Q: Is it safe to uninstall the HID Keyboard Driver? A: Yes. Windows 11 will automatically reinstall it on reboot. However, you will lose keyboard functionality during the brief period between uninstall and reboot.
Q: Why does Windows 11 show two HID keyboard devices? A: That is normal. One represents the physical keyboard. The other represents a virtual HID device (e.g., for remote desktop software, screen readers, or gaming macros). Do not uninstall both.
Q: Can malware infect the HID keyboard driver?
A: Yes, though rare. Keyloggers sometimes inject themselves into the kbdhid.sys stream. Running a full Microsoft Defender Offline scan will detect this.
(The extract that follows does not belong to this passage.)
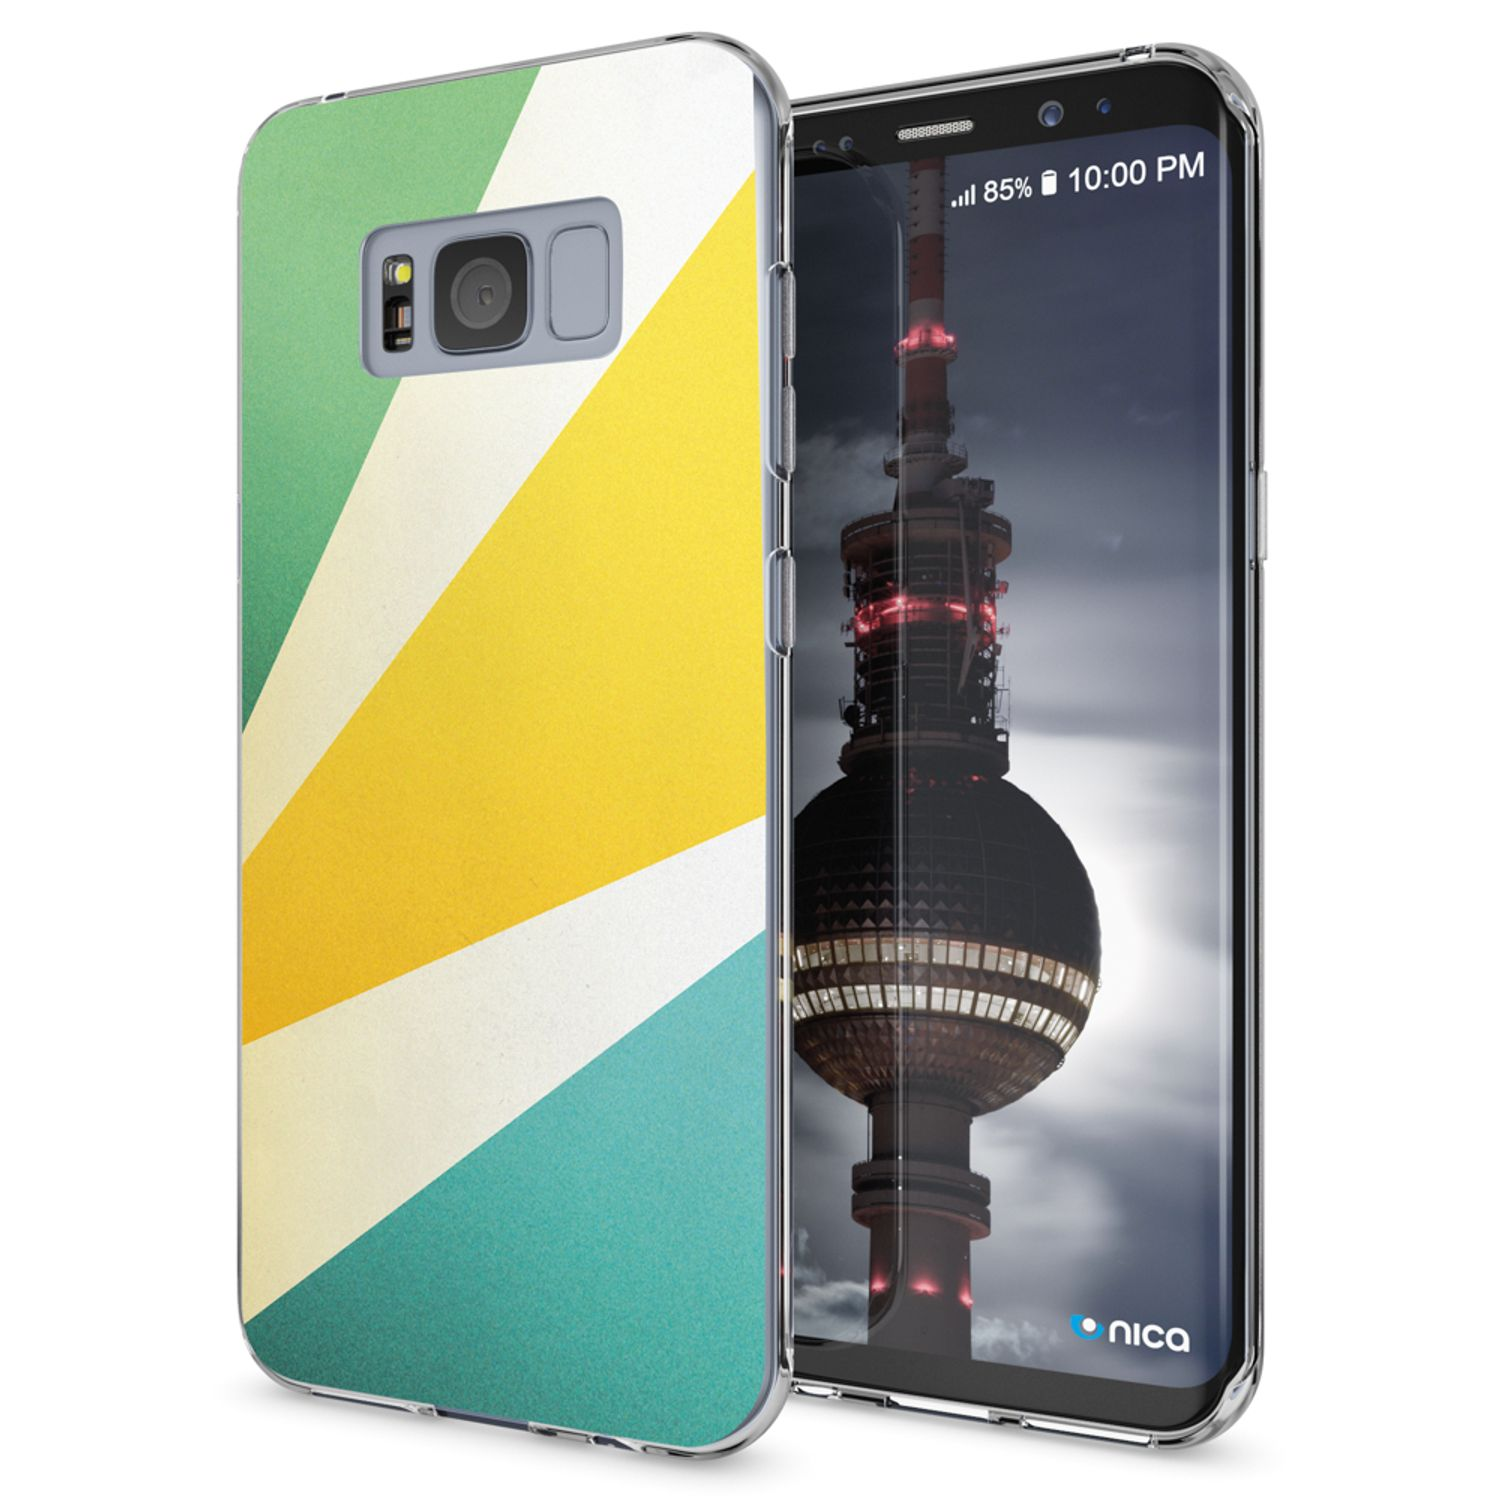 NALIA Motiv Silikon Galaxy S8, Samsung, Hülle, Backcover, Mehrfarbig
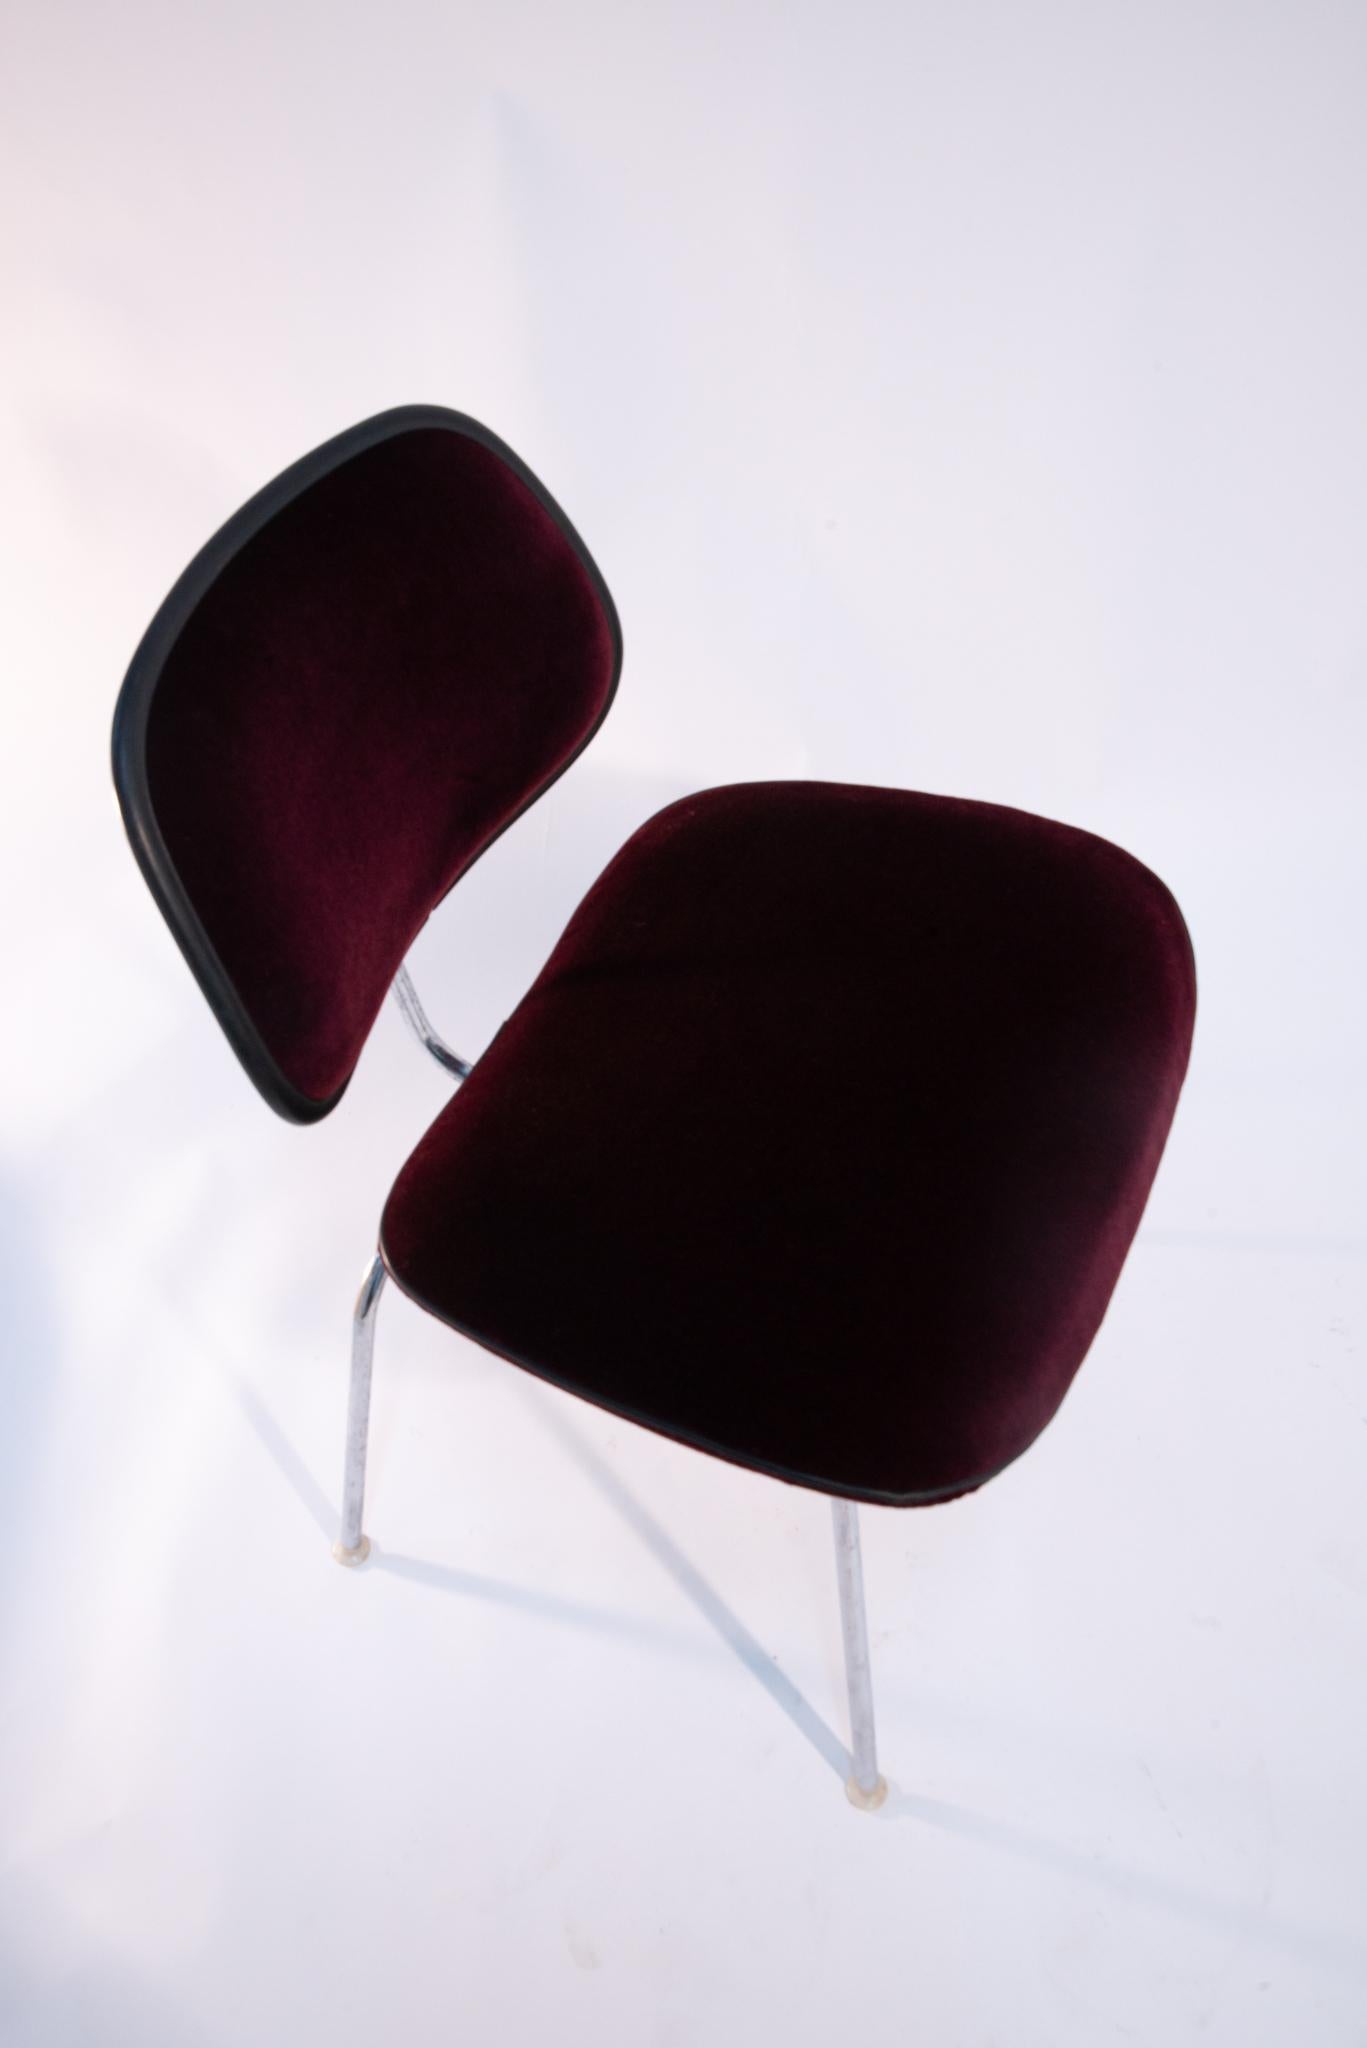 Ces chaises originales EC-127 padded DCM Chairs by Eames for Herman Miller ont été remises au goût du jour par un maître tapissier. Habillées d'un mohair bordeaux et finies par une trépointe en cuir noir, ces chaises de salle à manger emblématiques

Q: My Bluetooth keyboard works, but my USB doesn't. Is it the HID driver?
A: Probably not. Bluetooth uses its own HID transport layer (BTHid.sys). If USB fails but Bluetooth works, check your USB ports or the kbdhid.sys USB filter driver. hid keyboard driver windows 11
Q: Does Windows 11 support HID keyboards with NKRO (N-Key Rollover)? A: Yes, fully. The Windows 11 HID driver supports up to 248 simultaneous key presses over USB. If your NKRO isn't working, it is a firmware limitation of the keyboard, not the driver.
Yes. HID spoofing is a real attack vector. A malicious USB device (like a Rubber Ducky or BadUSB) can emulate a keyboard and type commands at system level.
Windows 11 has two defenses:
How to stay safe:
If you encounter issues with your HID keyboard driver in Windows 11:
Some USB keyboards use polling (CPU checks for key presses). To force interrupt-driven mode (lower latency): Q: Is it safe to uninstall the HID Keyboard Driver
You open Device Manager, expand Keyboards, and see a yellow triangle next to HID Keyboard Device.